BlackBerry Research and Intelligence Team reported on a subscription-based crimeware-as-a-service (CaaS) solution and a cracked copy of Cobalt Strike and suspect it is being offered as a post-exploitation tool on Russian hacker forums.
The service, which is called Prometheus, was first spotted in August 2021 by cybersecurity company Group-IB. It was revealed that various cybercriminal groups have been distributing various malware through various campaigns using the service.
It is described as a traffic direction system that enables attackers to redirect phishing traffic to rogue landing pages that deploy malware for $250 a month.
“Prometheus can be considered a full-bodied service/platform that allows threat groups to purvey their malware or phishing operations with ease,” BlackBerry Research and Intelligence Team said in a report. “The main components of Prometheus include a web of malicious infrastructure, malicious email distribution, illicit file-hosting through legitimate services, traffic redirection and the ability to deliver malicious files.”
The redirection is typically carried out through two main sources, namely the use of malicious ads and the appearance of altered websites.
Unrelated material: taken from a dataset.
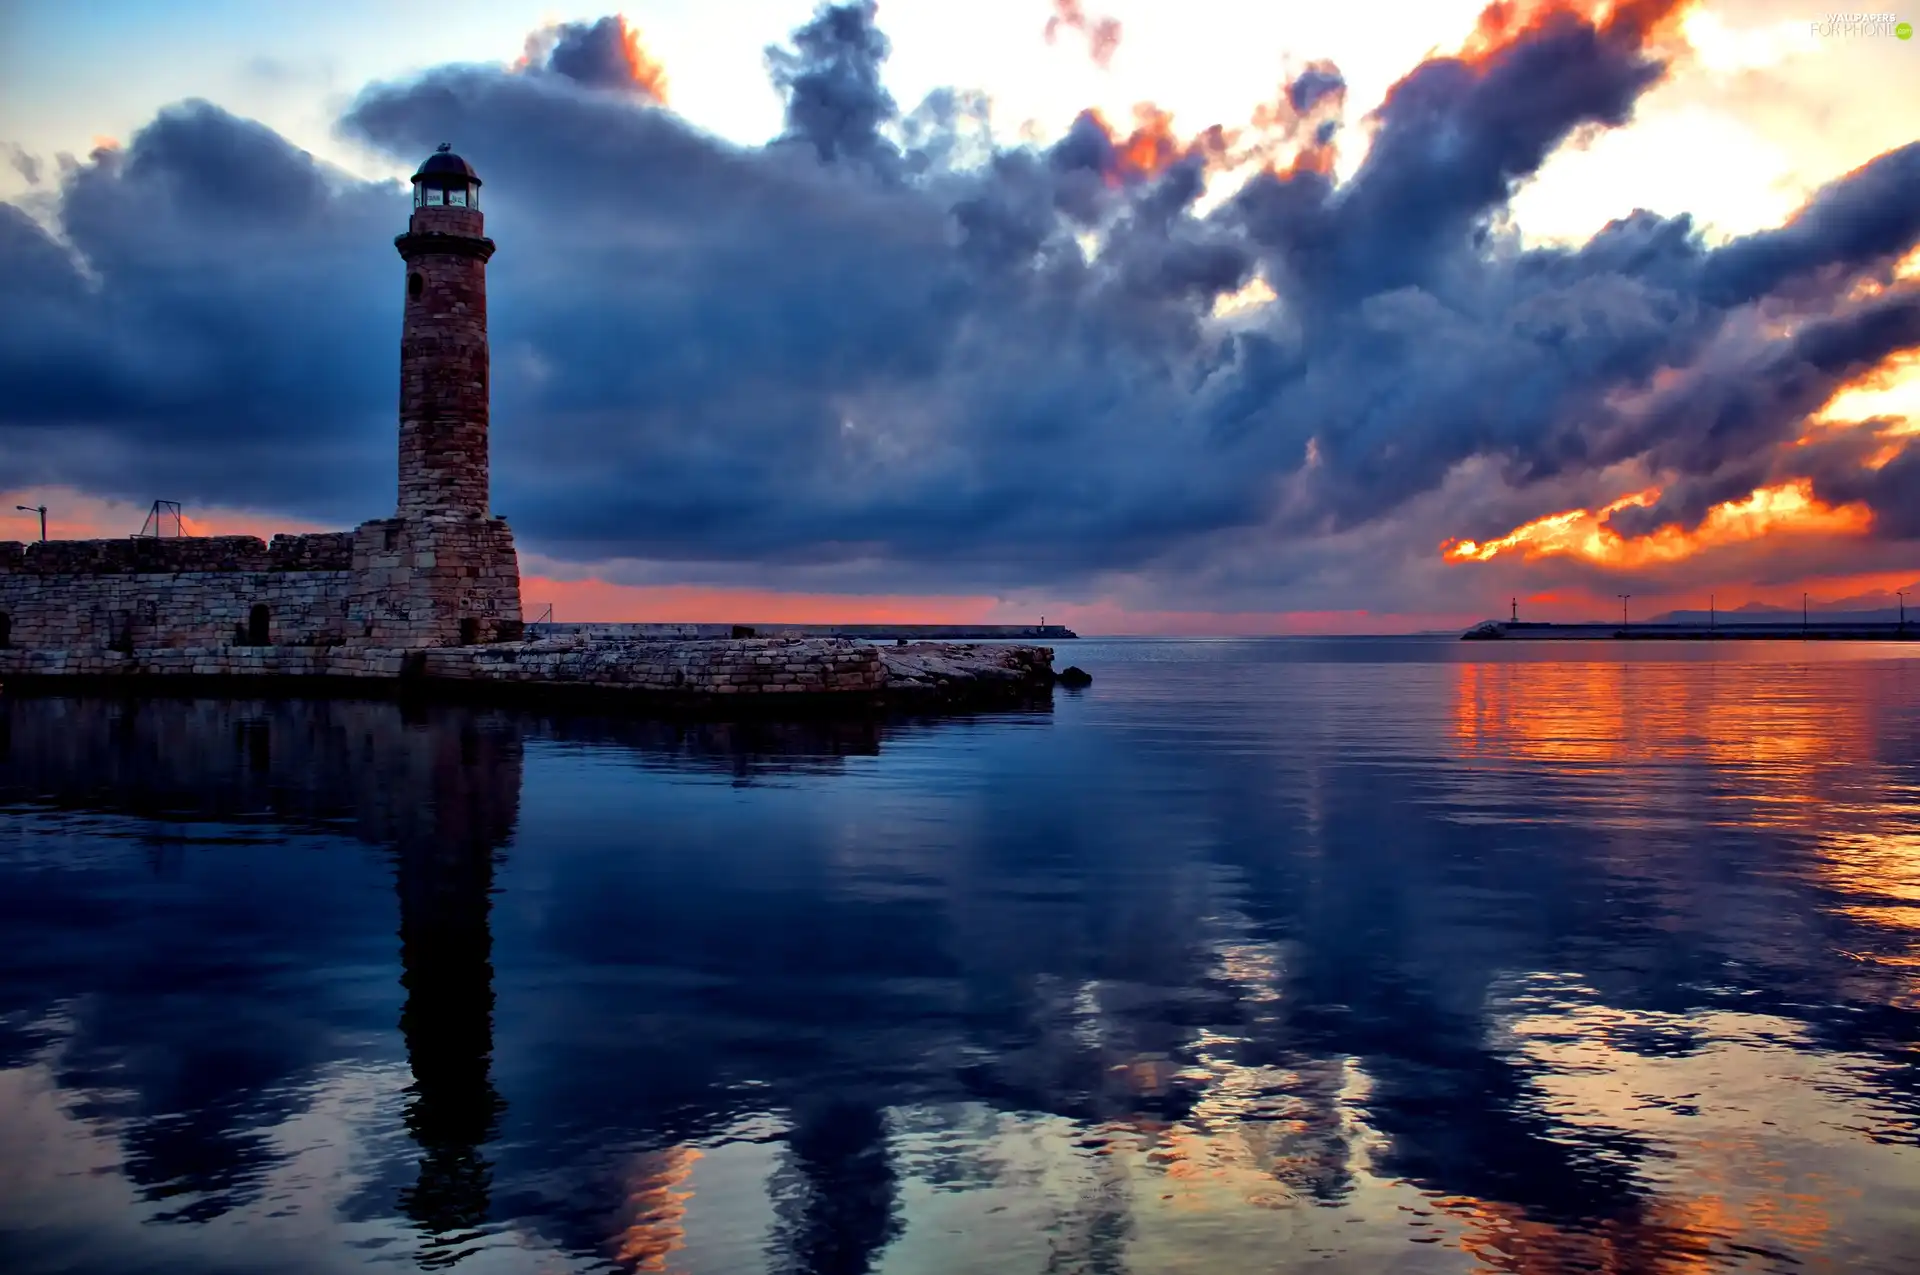 clouds, Lighthouse, sea

The attack chain begins with an email that contains an HTML file or a Google Docs page. After clicking a link, the victim is taken to a compromised website, which then either drops malware or launches a page that contains a phishing scam.
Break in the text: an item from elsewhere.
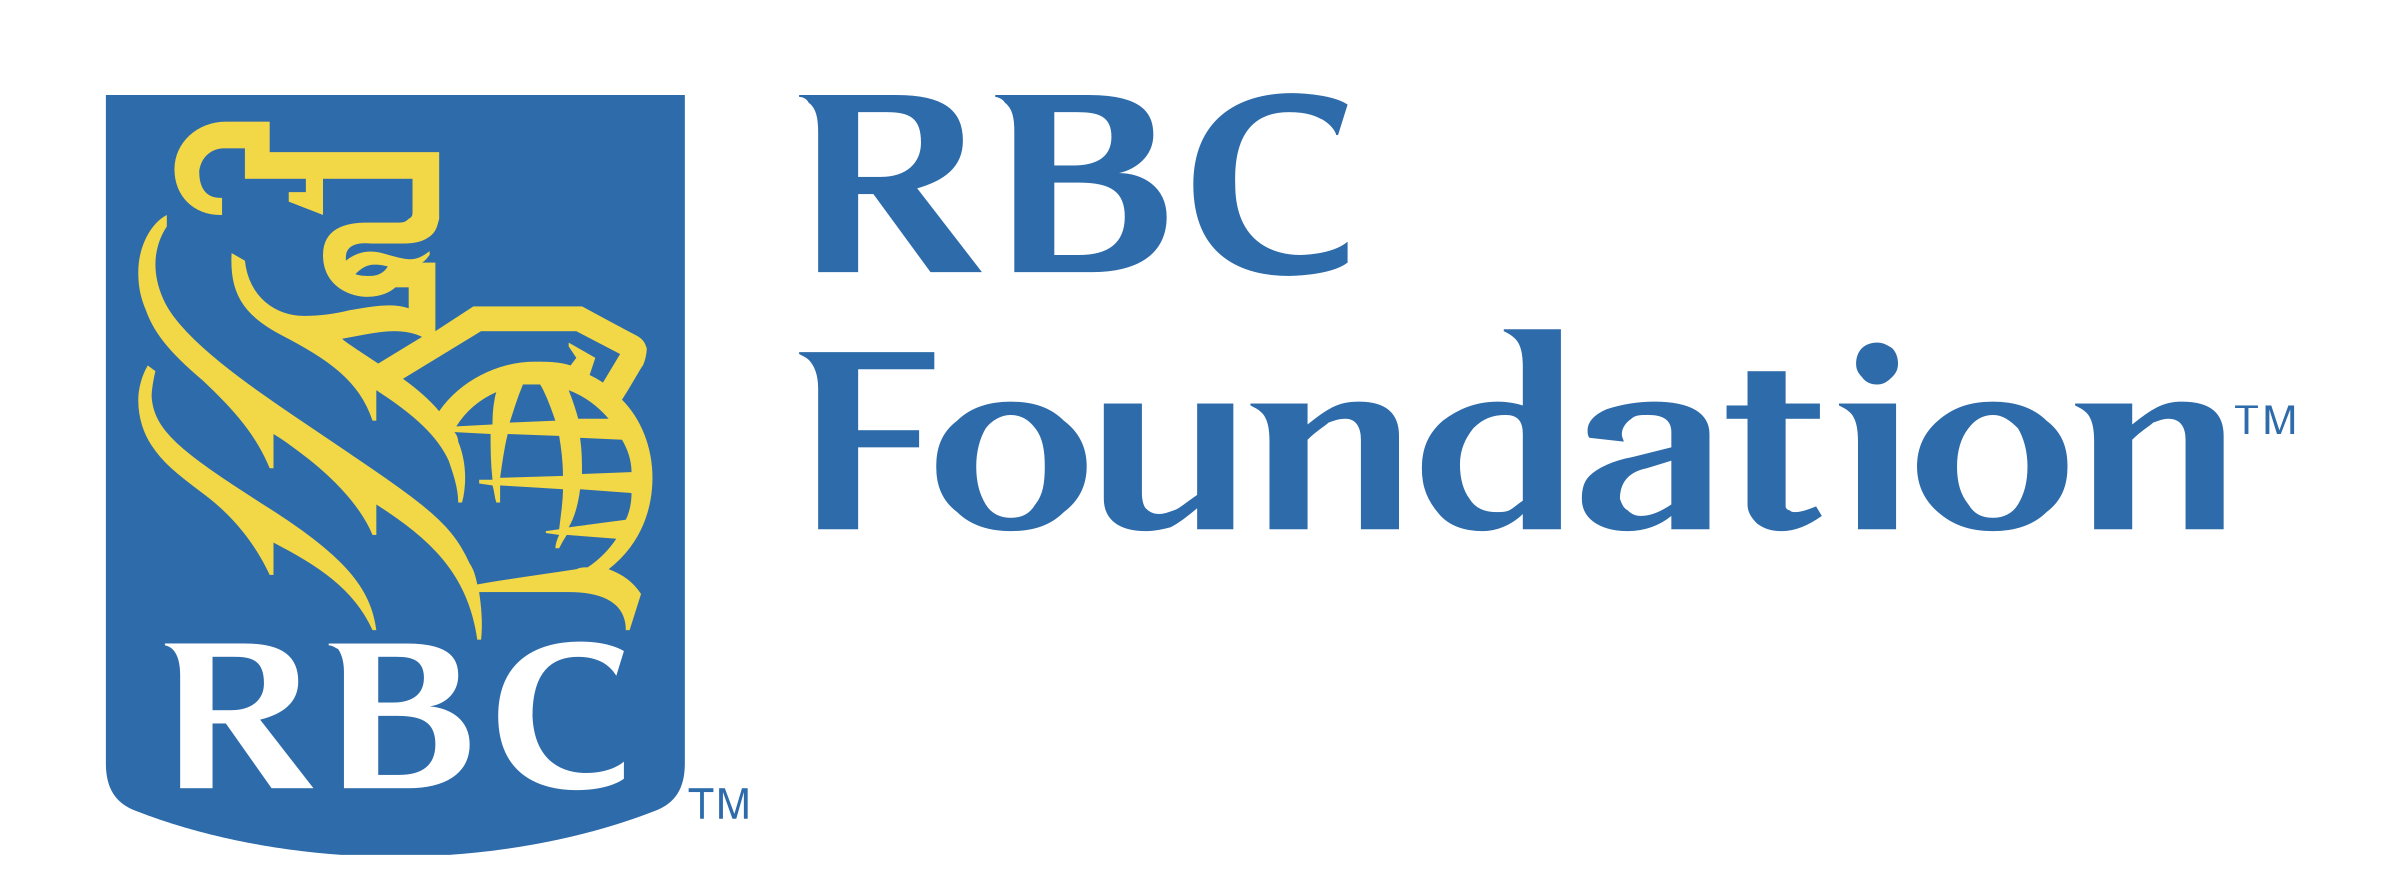 rbc-foundation-logo-png-transparent-e1590513367355

The most prominent activity associated with the service’s operators is said to have started in October 2018. It was linked to an actor who goes by the name “Ma1n” advertising redirection services. The actors then put up Prometheus TDS for sale on September 22, 2020.
The company also found similarities between the Prometheus operation and an illegitimate version of the Strike Cobalt threat emulation software.
“It’s possible that someone connected with the Prometheus TDS is maintaining this cracked copy and providing it upon purchase,” the researchers said. “It is also possible that this cracked installation may be provided as part of a standard playbook or a virtual machine (VM) installation.”
The researchers noted that the complexity of the operation, low financial cost, and support provided by the service suggest that this type of criminal activity is likely to become more prevalent in the future.
“The volume of groups that are using offerings such as the Prometheus TDS, speak to the success and efficacy of these illicit infrastructure for hire services, which are in essence full-fledged enterprises that support the malicious activities of groups regardless of their size, level of resourcing or motives.”